All of lore.kernel.org
 help / color / mirror / Atom feed
* linux 5.12 - fails to boot - soft lockup - CPU#0 stuck for 23s! - RIP smp_call_function_single
@ 2021-05-17  8:13 James Feeney
  2021-05-17  8:32 ` Borislav Petkov
  0 siblings, 1 reply; 33+ messages in thread
From: James Feeney @ 2021-05-17  8:13 UTC (permalink / raw)
  To: linux-smp; +Cc: Borislav Petkov, Jens Axboe

I re-ran my git bisect, this time with a full power-down and cold boot, and more thorough testing, running a web browser.  My second bisect went from good to bad.

So now, instead, git bisect ended here:

4f432e8bb15b352da72525144da025a46695968f is the first bad commit
commit 4f432e8bb15b352da72525144da025a46695968f
Author: Borislav Petkov <bp@suse.de>
Date:   Thu Jan 7 13:23:34 2021 +0100

    x86/mce: Get rid of mcheck_intel_therm_init()

    Move the APIC_LVTTHMR read which needs to happen on the BSP, to
    intel_init_thermal(). One less boot dependency.

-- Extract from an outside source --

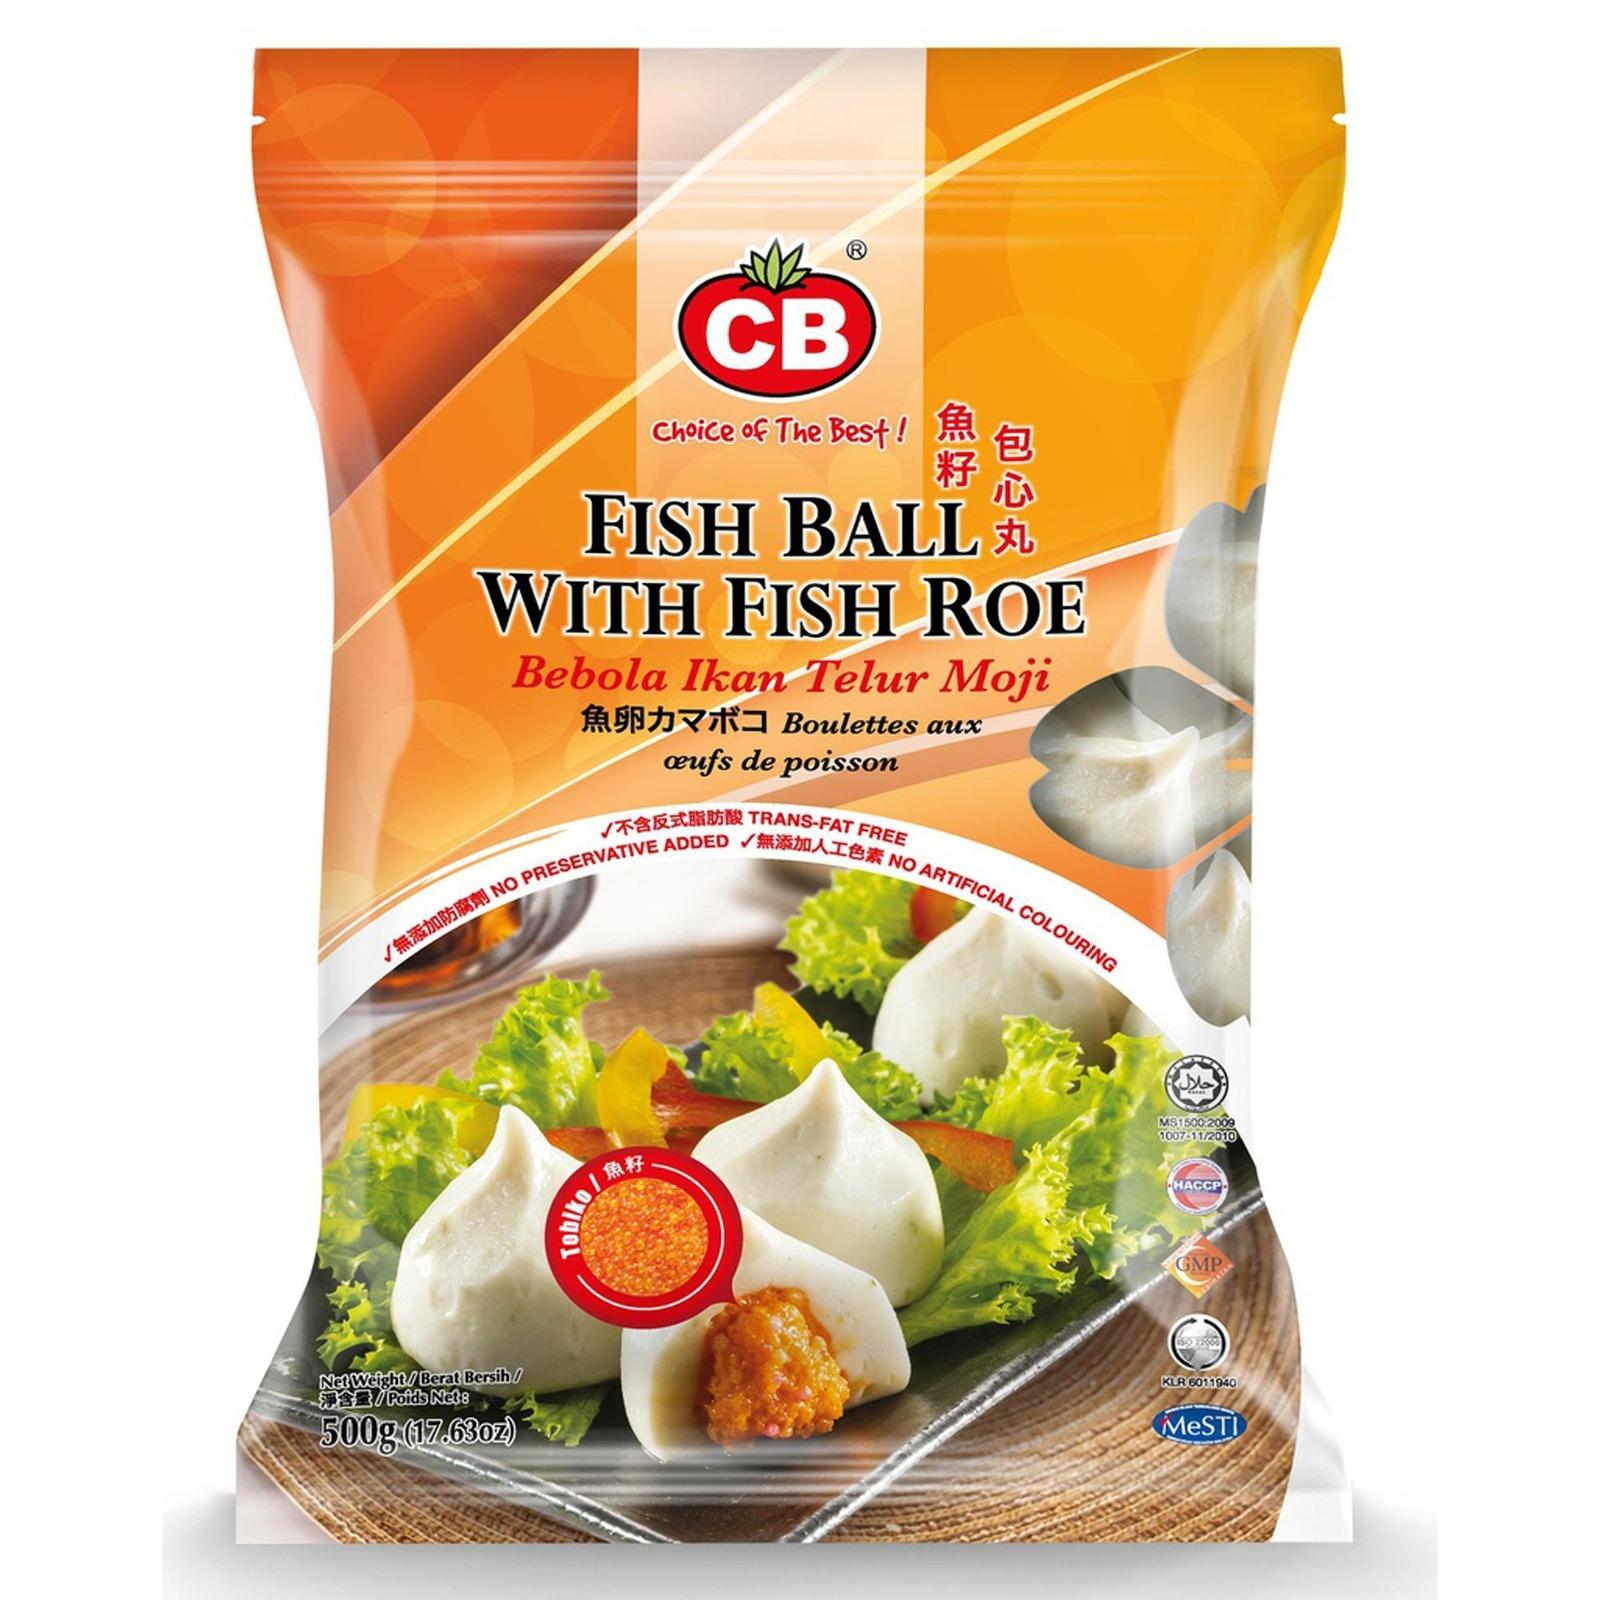 CB Fish Ball With Fish Roe 19Pcs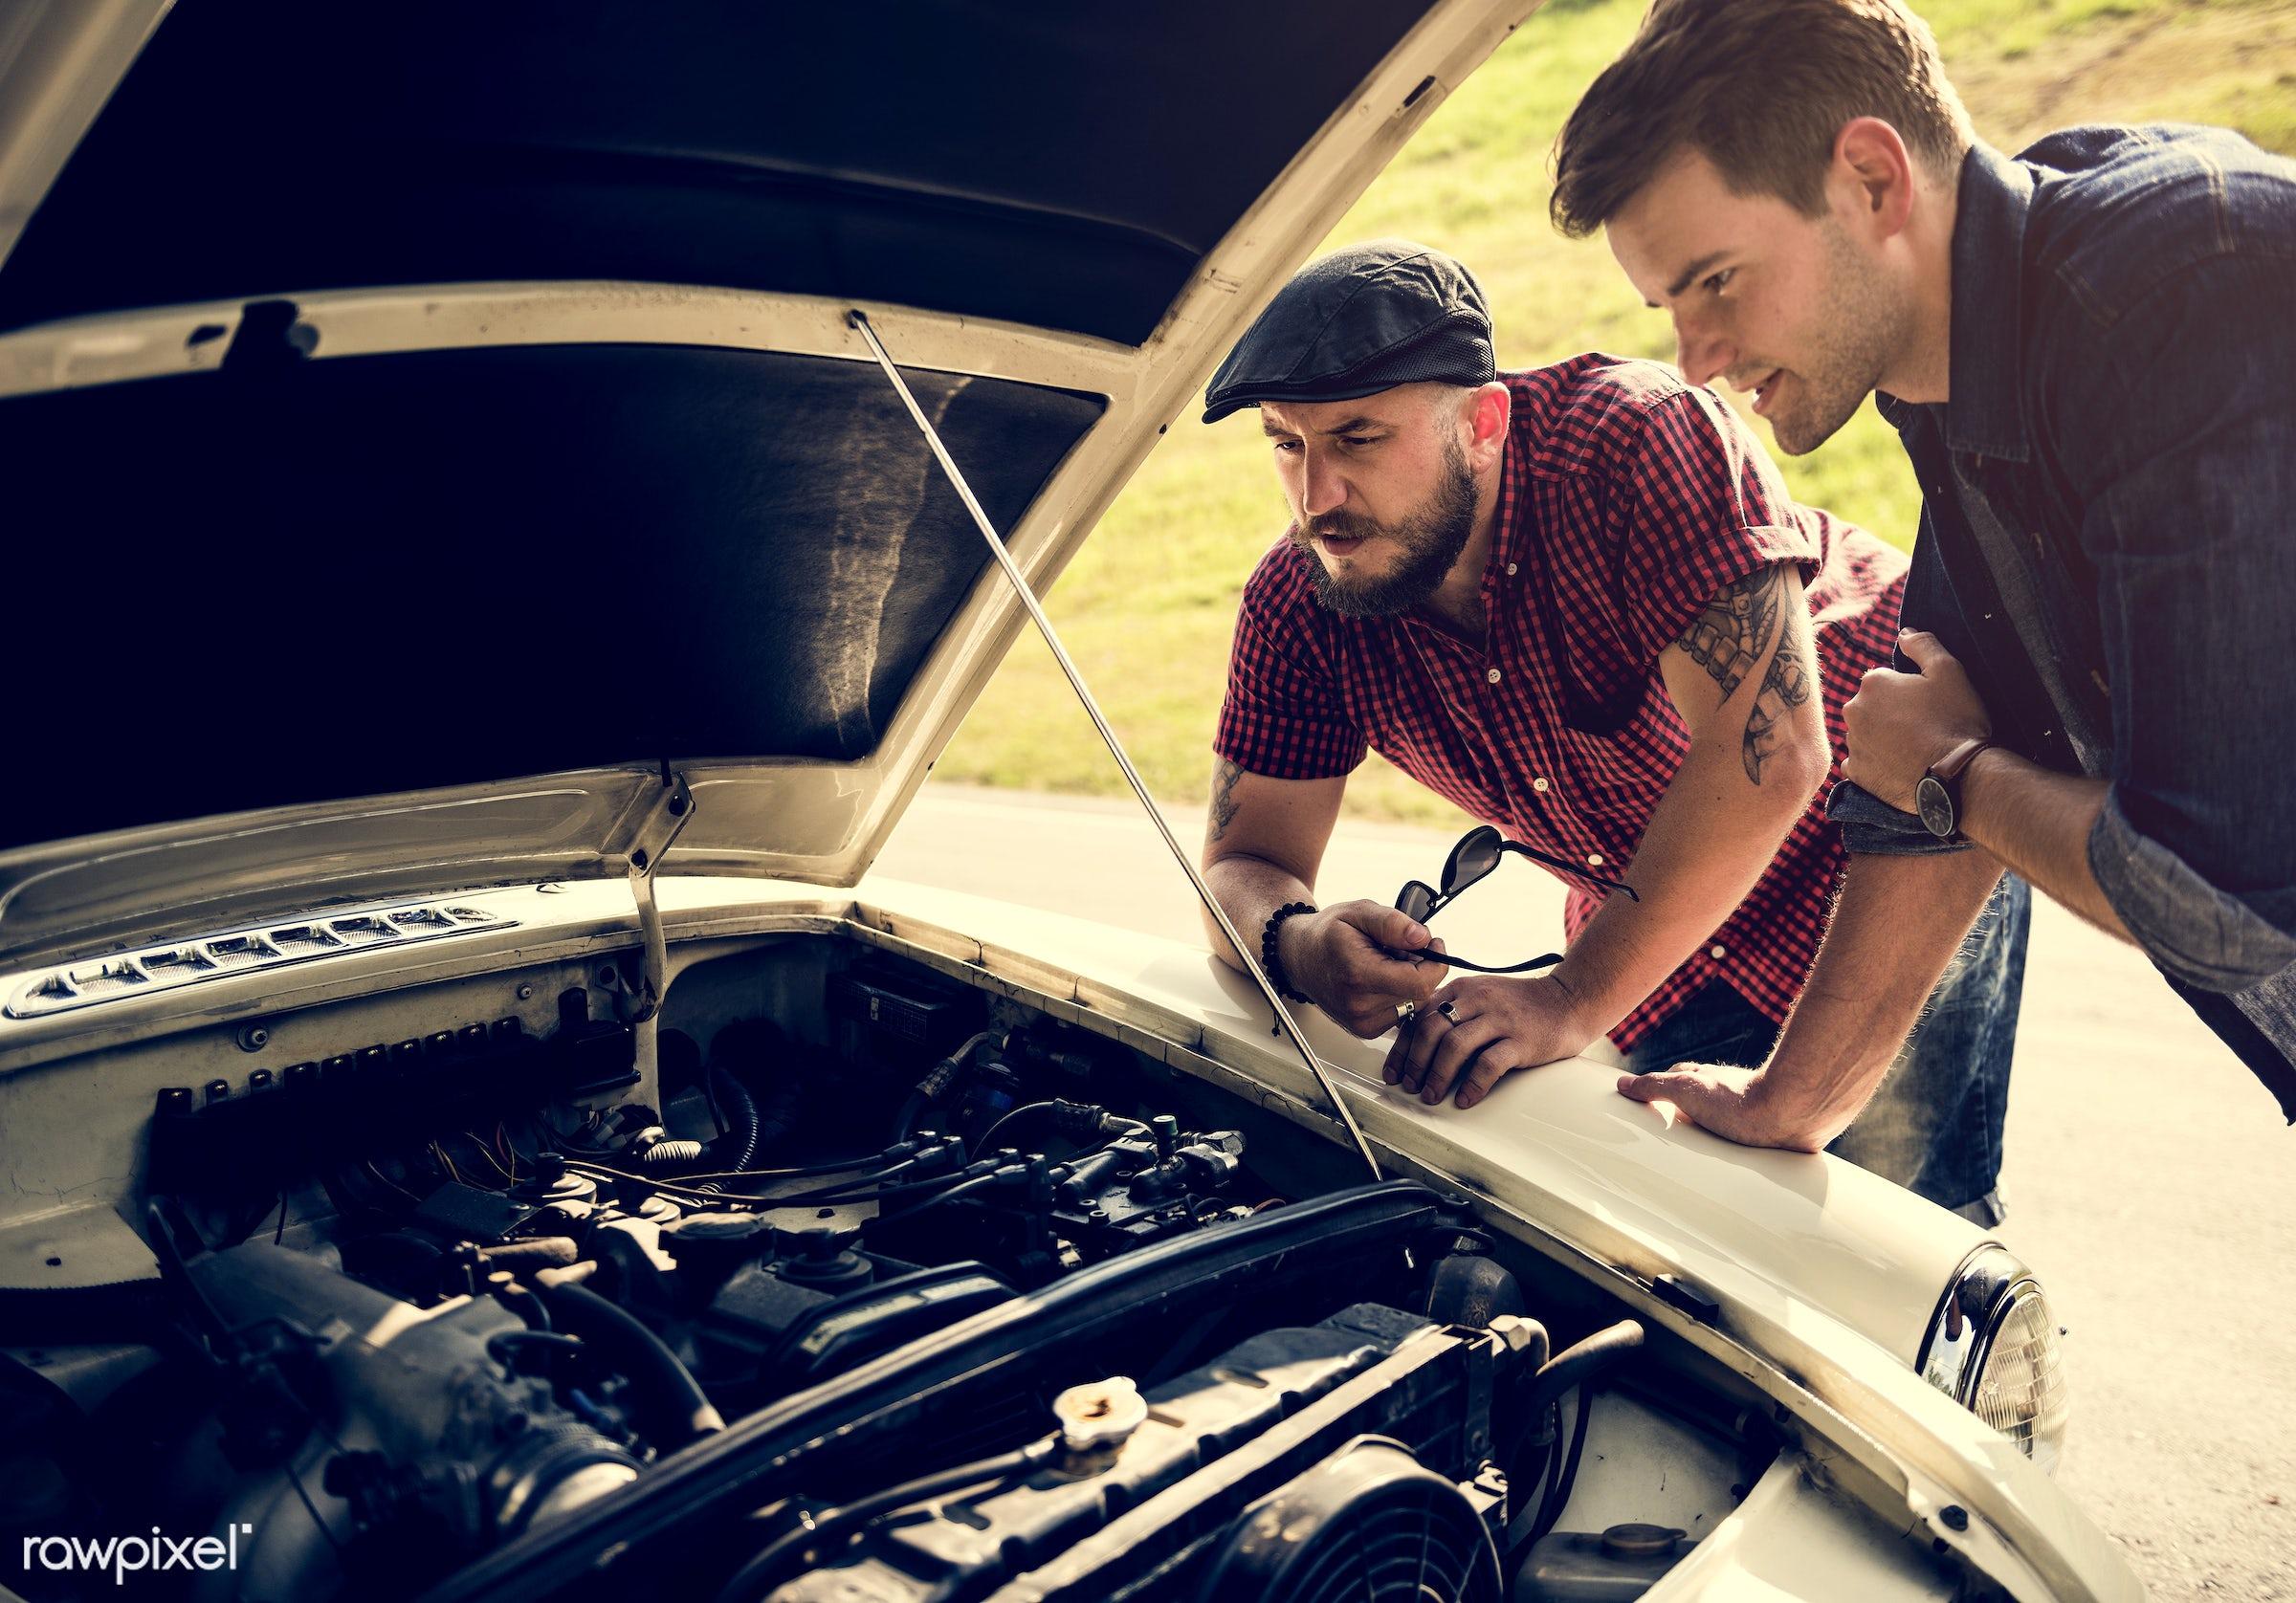 car, automobile, street, vehicle, road, travel, heat, trouble, help, transport, motor, driver, repair, men, hood, man,...

    No functional changes.

    Signed-off-by: Borislav Petkov <bp@suse.de>
    Tested-by: Srinivas Pandruvada <srinivas.pandruvada@linux.intel.com>
    Link: https://lkml.kernel.org/r/20210201142704.12495-2-bp@alien8.de

 arch/x86/include/asm/mce.h            |  6 ------
 arch/x86/kernel/cpu/mce/core.c        |  1 -
 arch/x86/kernel/cpu/mce/therm_throt.c | 15 ++++-----------
 3 files changed, 4 insertions(+), 18 deletions(-)


Please let me know if that makes more sense.

Again:

Arch Linux
linux 5.12.arch1-1

Intel Core2 T7200
Mobile Intel 945PM Express Chipset
ICH7-M
Mobility Radeon X1600

Generally, on failure, the system will not boot past "Loading initial ramdisk...", or, when it does, the boot process will hang, and the console will eventually show:

watchdog: BUG: soft lockup - CPU#0 stuck for 23s! [systemd-udevd: 241]
...
RIP: 0010:smp_call_function_single+0xf7/0x140

The top of the call trace variously shows either "__flush_tlb_all" or "tlbflush_read_file", with the "soft lockup" repeating indefinitely.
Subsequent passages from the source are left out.